Work instructions
Everything below from the line with "PGBC Men's Ministry" through the line with "Vegetation growing on rocks. Stock Photo" should be copied exactly, and nothing else; leave out the pictures.

Source data
Segment Open

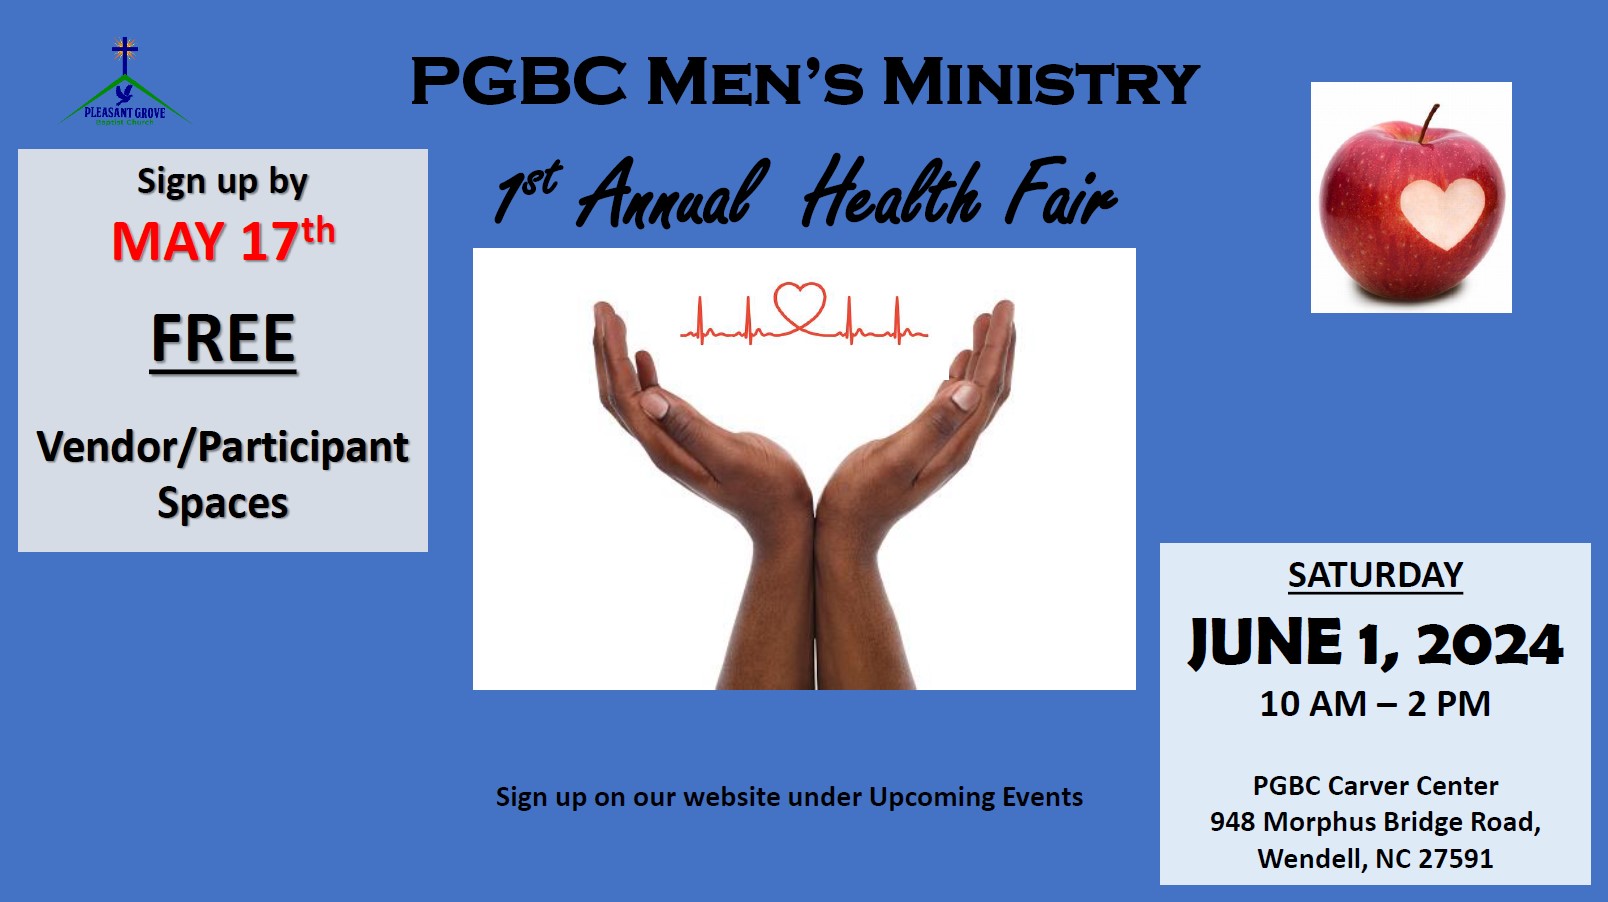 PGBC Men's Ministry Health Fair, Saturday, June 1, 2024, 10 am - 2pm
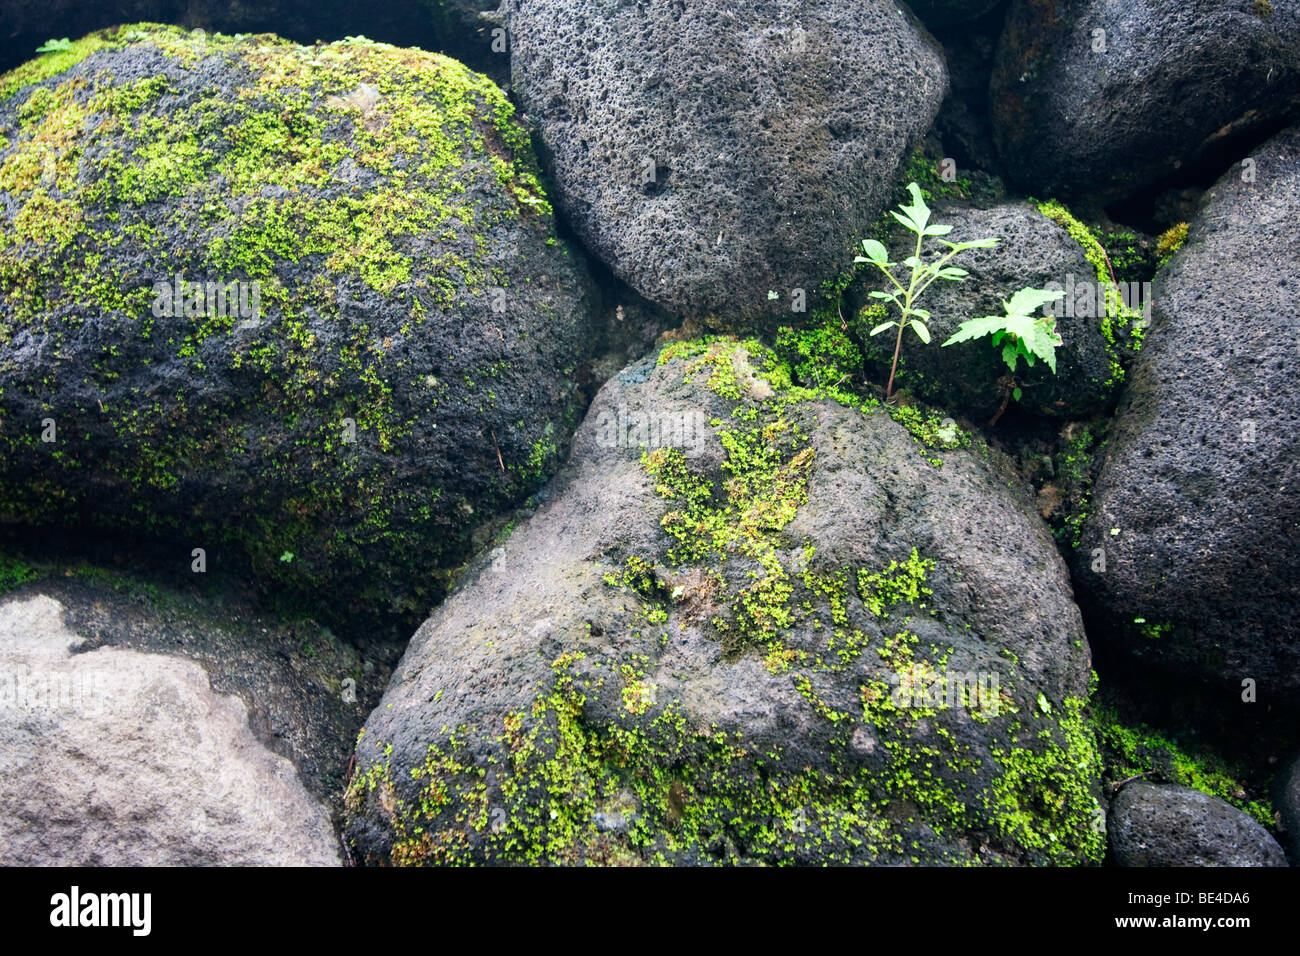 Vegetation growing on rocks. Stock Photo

Segment Closed
Segment Open

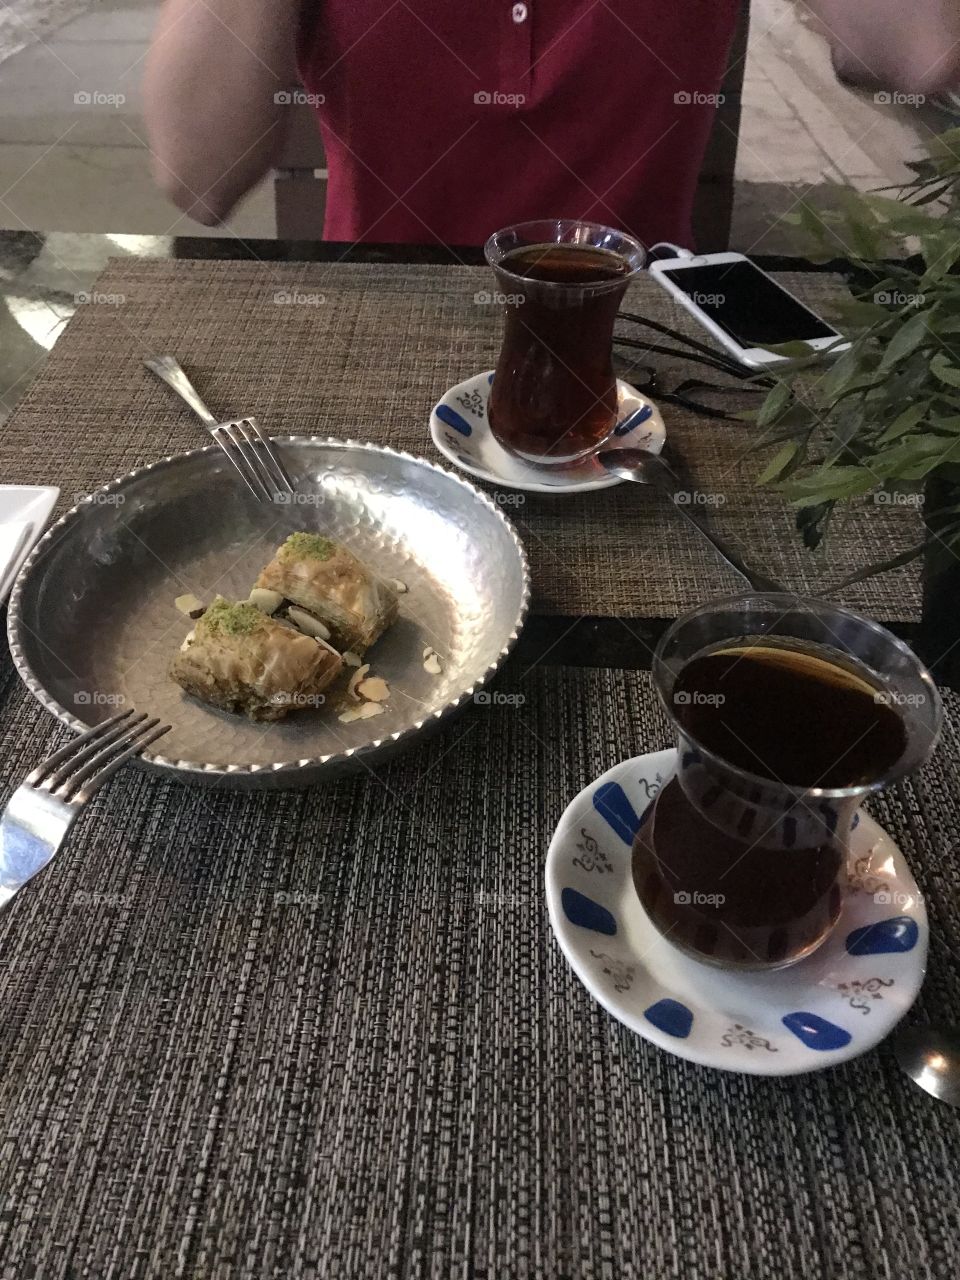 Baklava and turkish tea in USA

Segment Closed

Solved exercise
 PGBC Men's Ministry Health Fair, Saturday, June 1, 2024, 10 am - 2pm
 Vegetation growing on rocks. Stock Photo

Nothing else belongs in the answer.